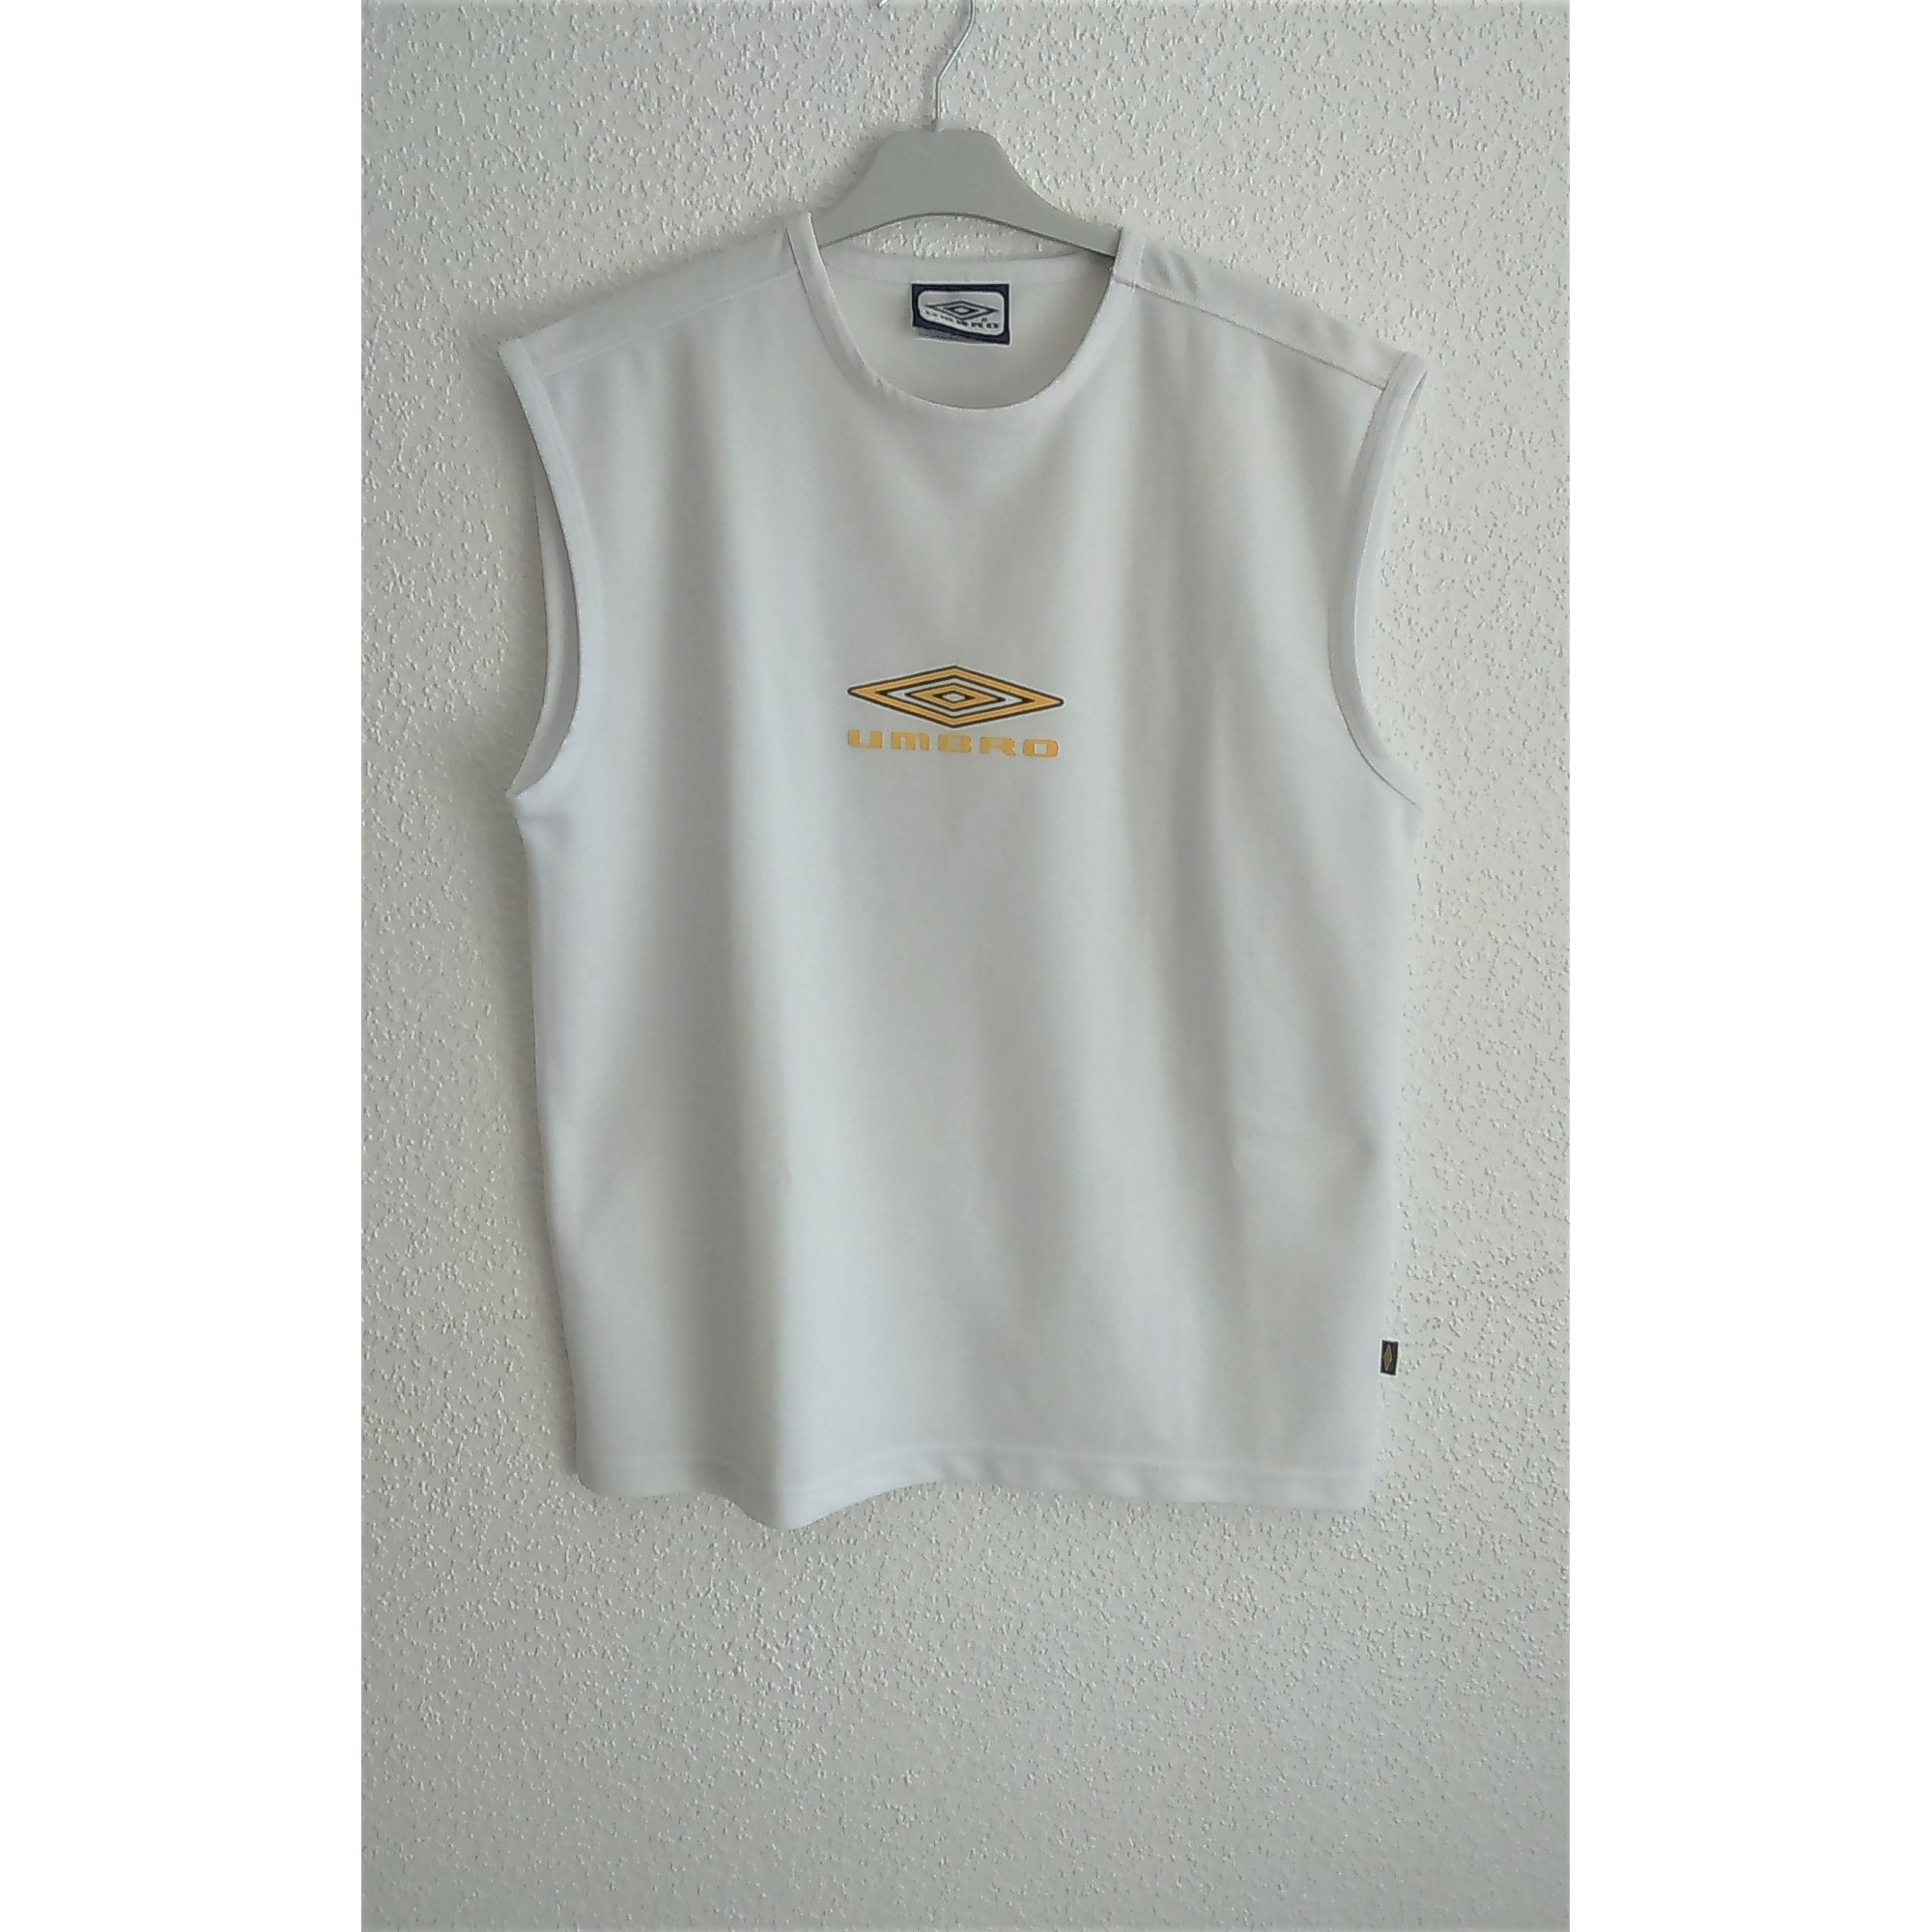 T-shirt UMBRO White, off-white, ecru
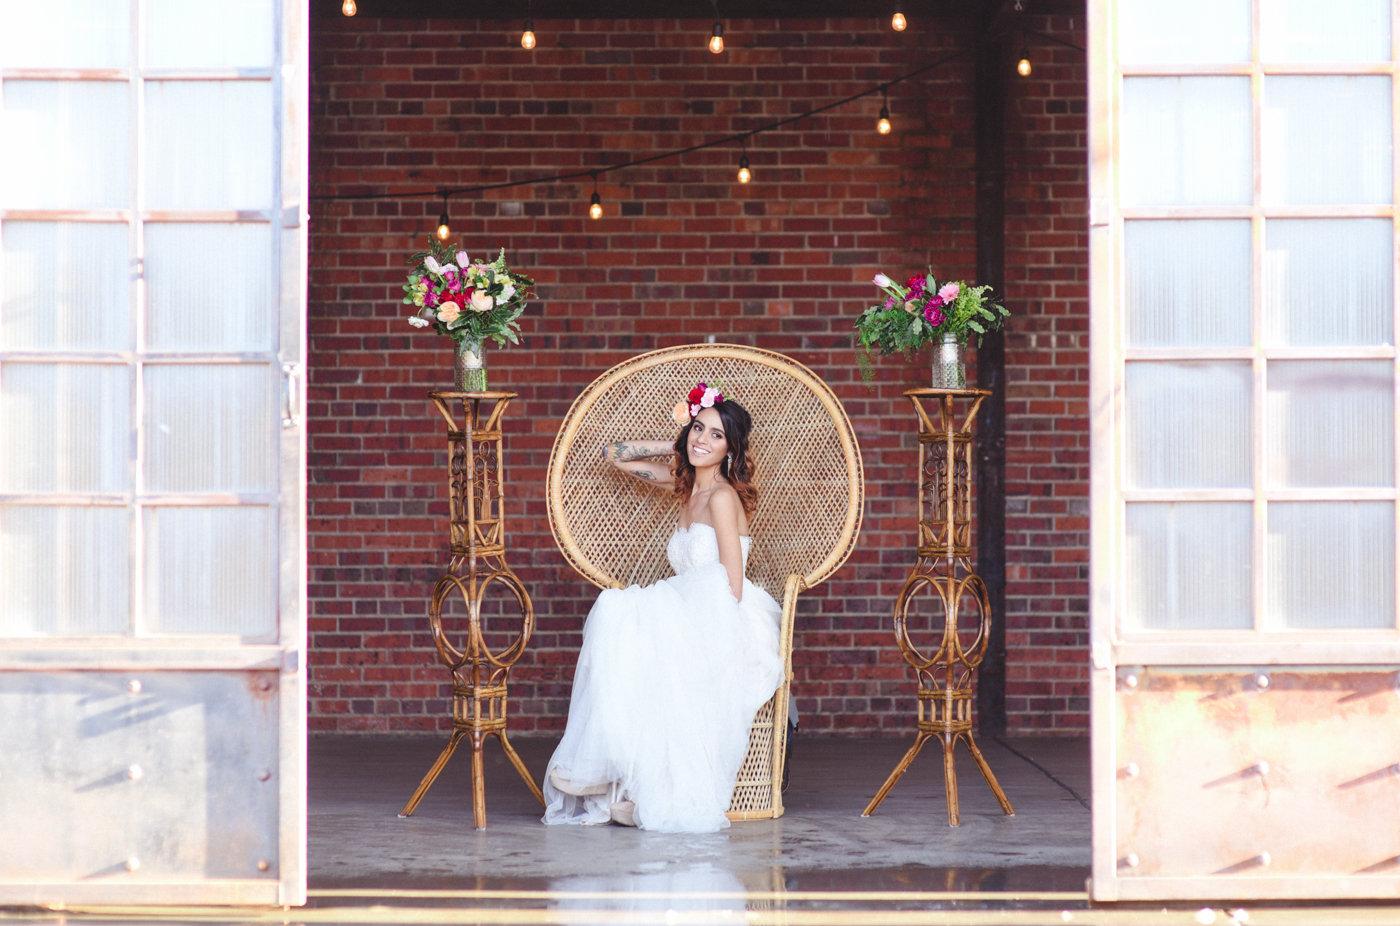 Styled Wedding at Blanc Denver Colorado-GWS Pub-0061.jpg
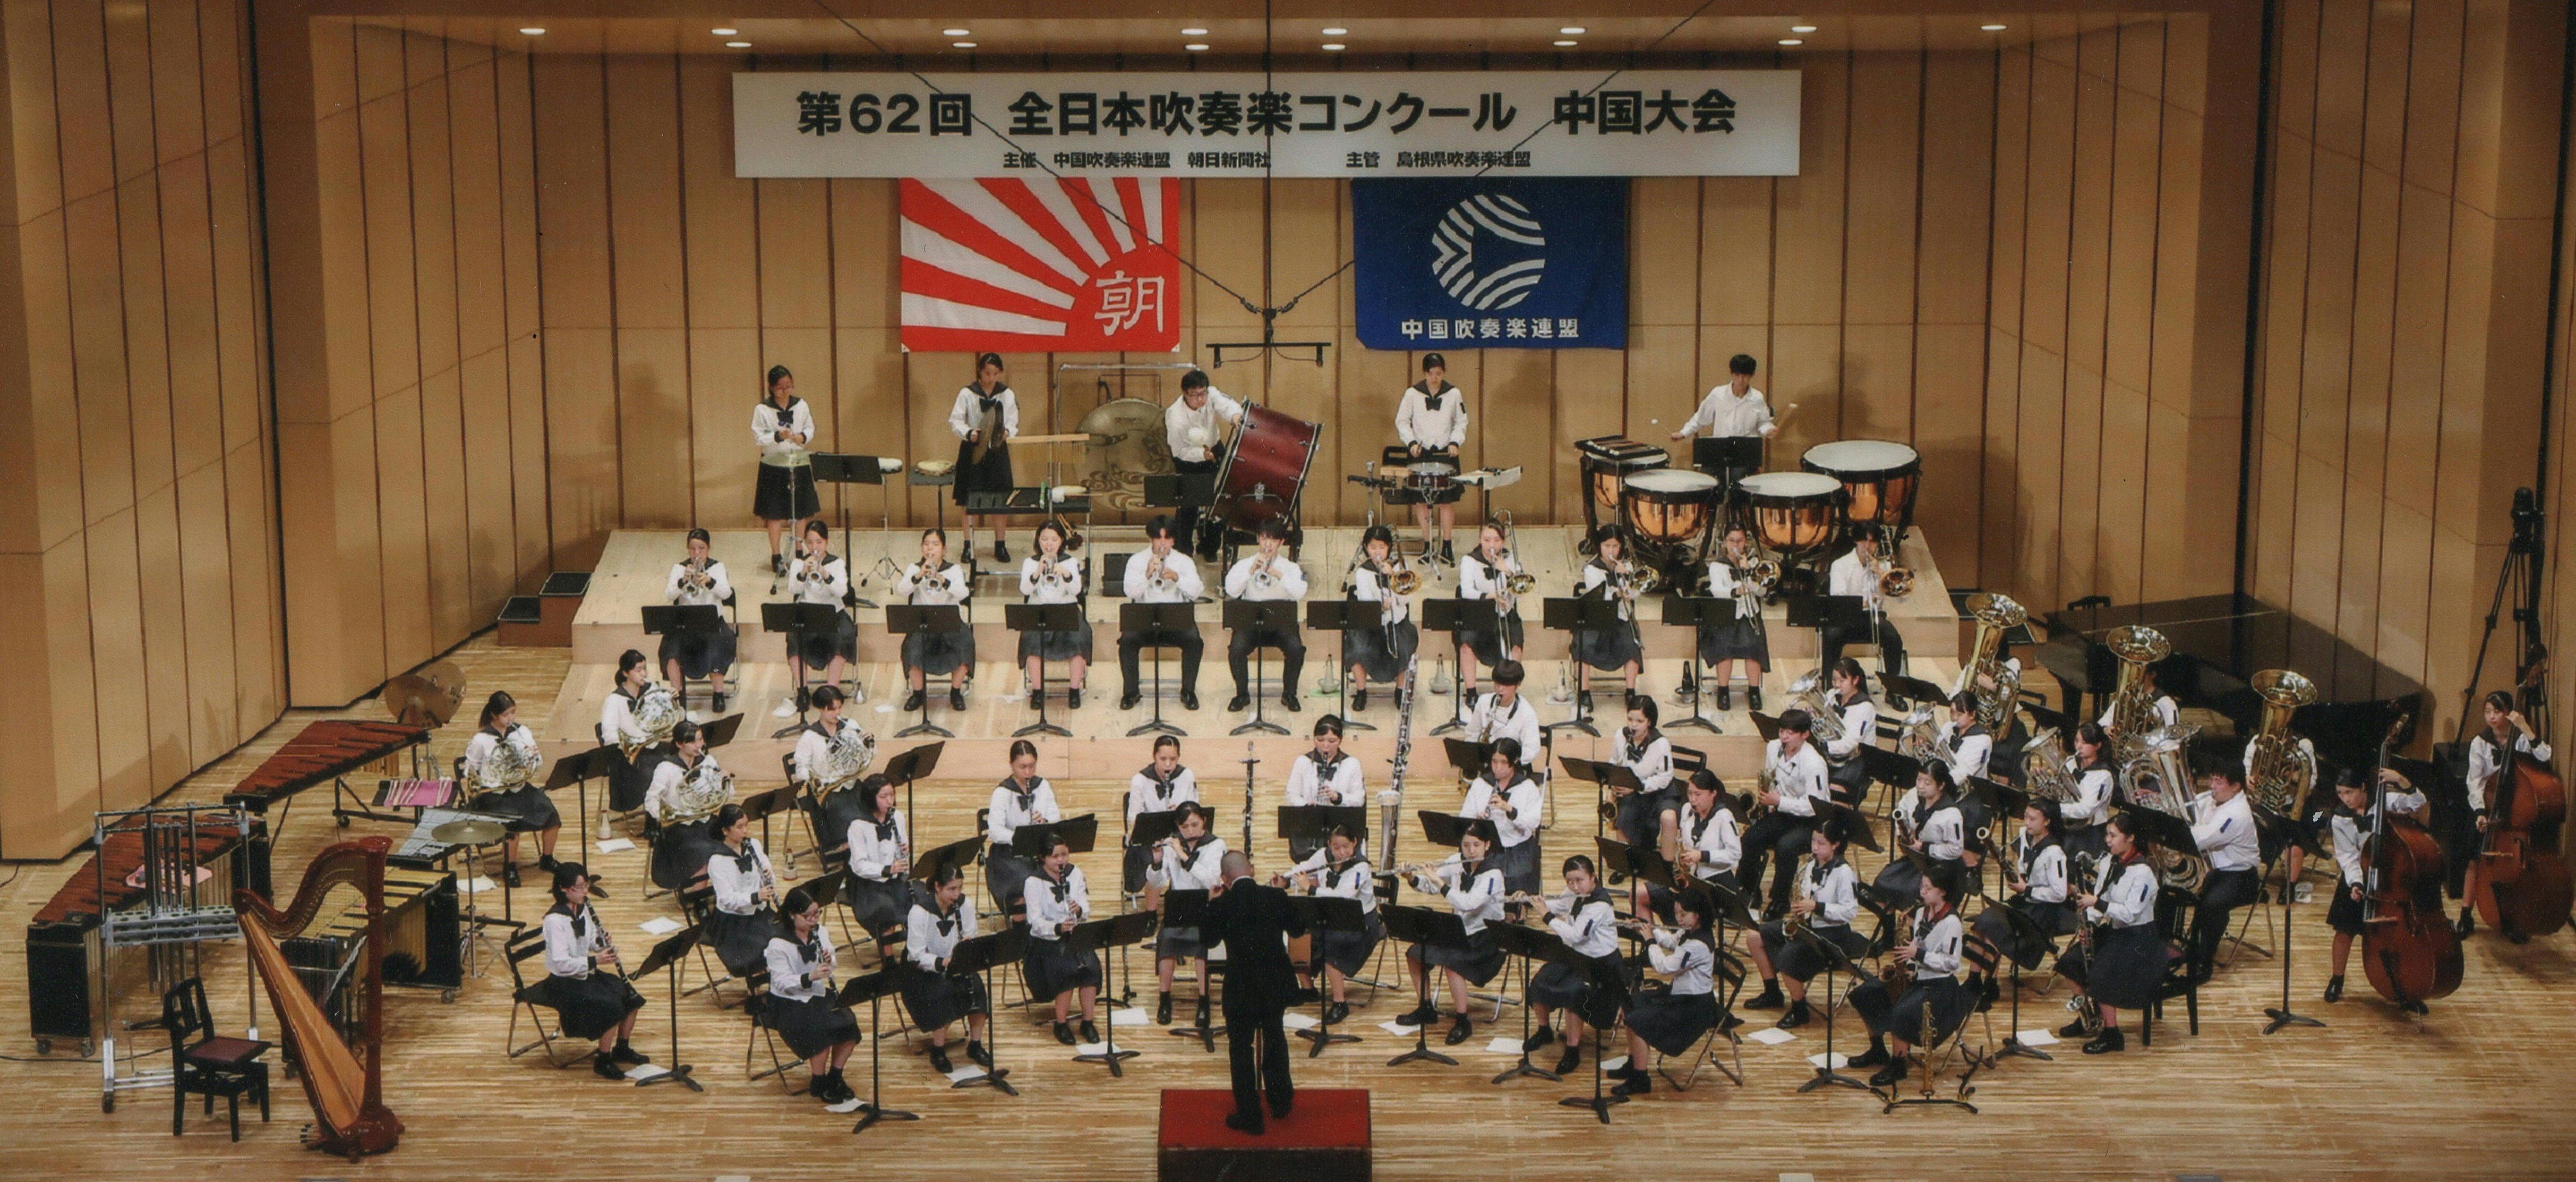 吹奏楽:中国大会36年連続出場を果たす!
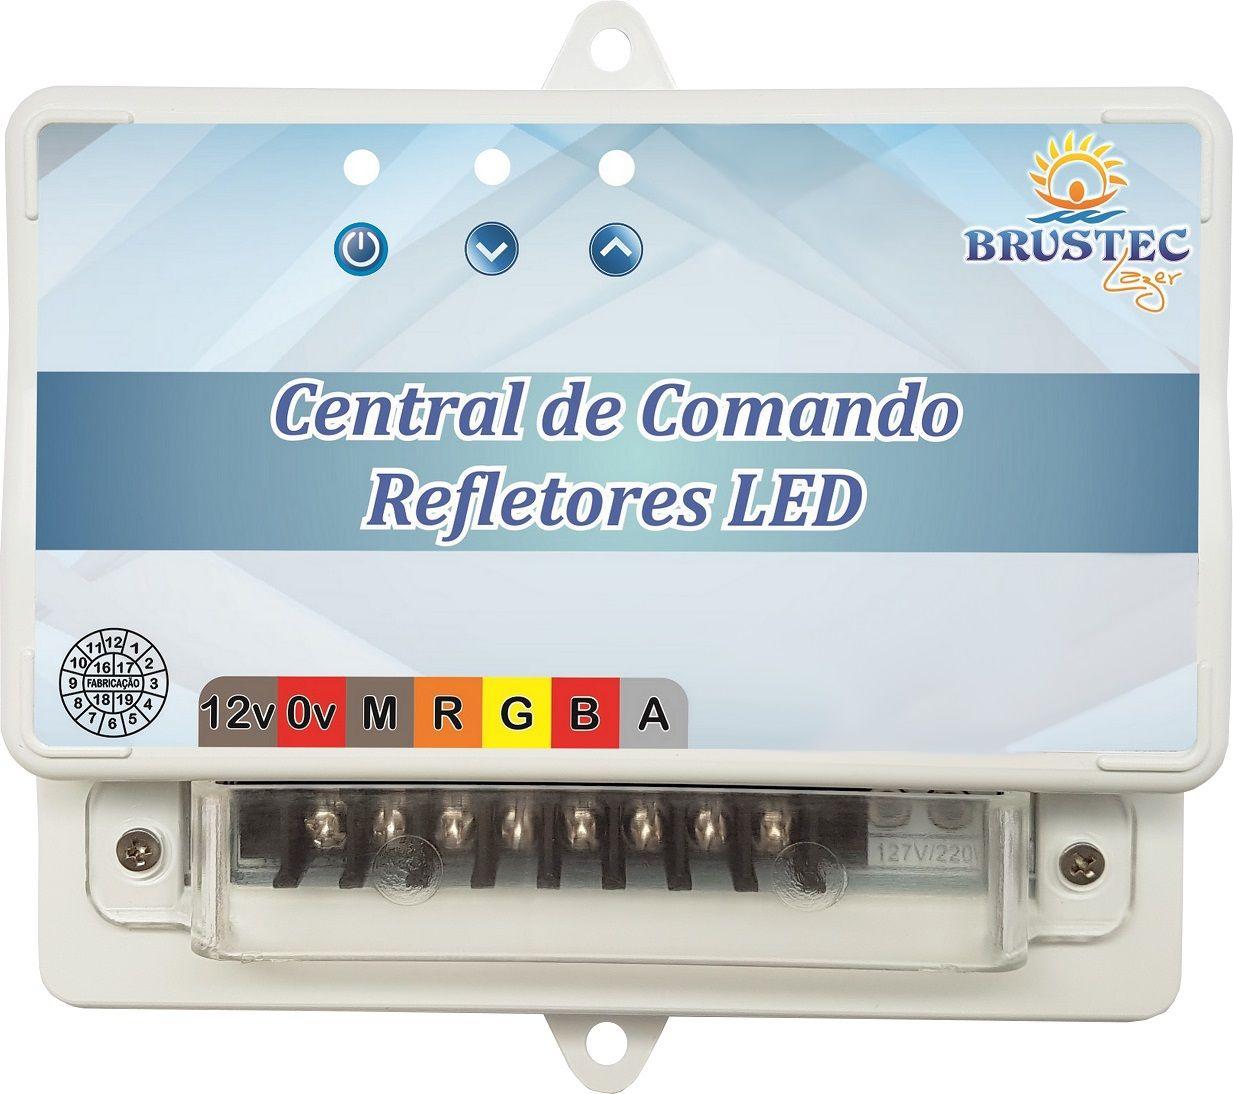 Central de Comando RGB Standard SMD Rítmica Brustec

_EXERCISE GOAL:_ Word for word, return the material, omitting the pictures.

_TASK RESPONSE:_
 T-shirt UMBRO White, off-white, ecru
 Styled Wedding at Blanc Denver Colorado-GWS Pub-0061.jpg
 吹奏楽:中国大会36年連続出場を果たす!
 Central de Comando RGB Standard SMD Rítmica Brustec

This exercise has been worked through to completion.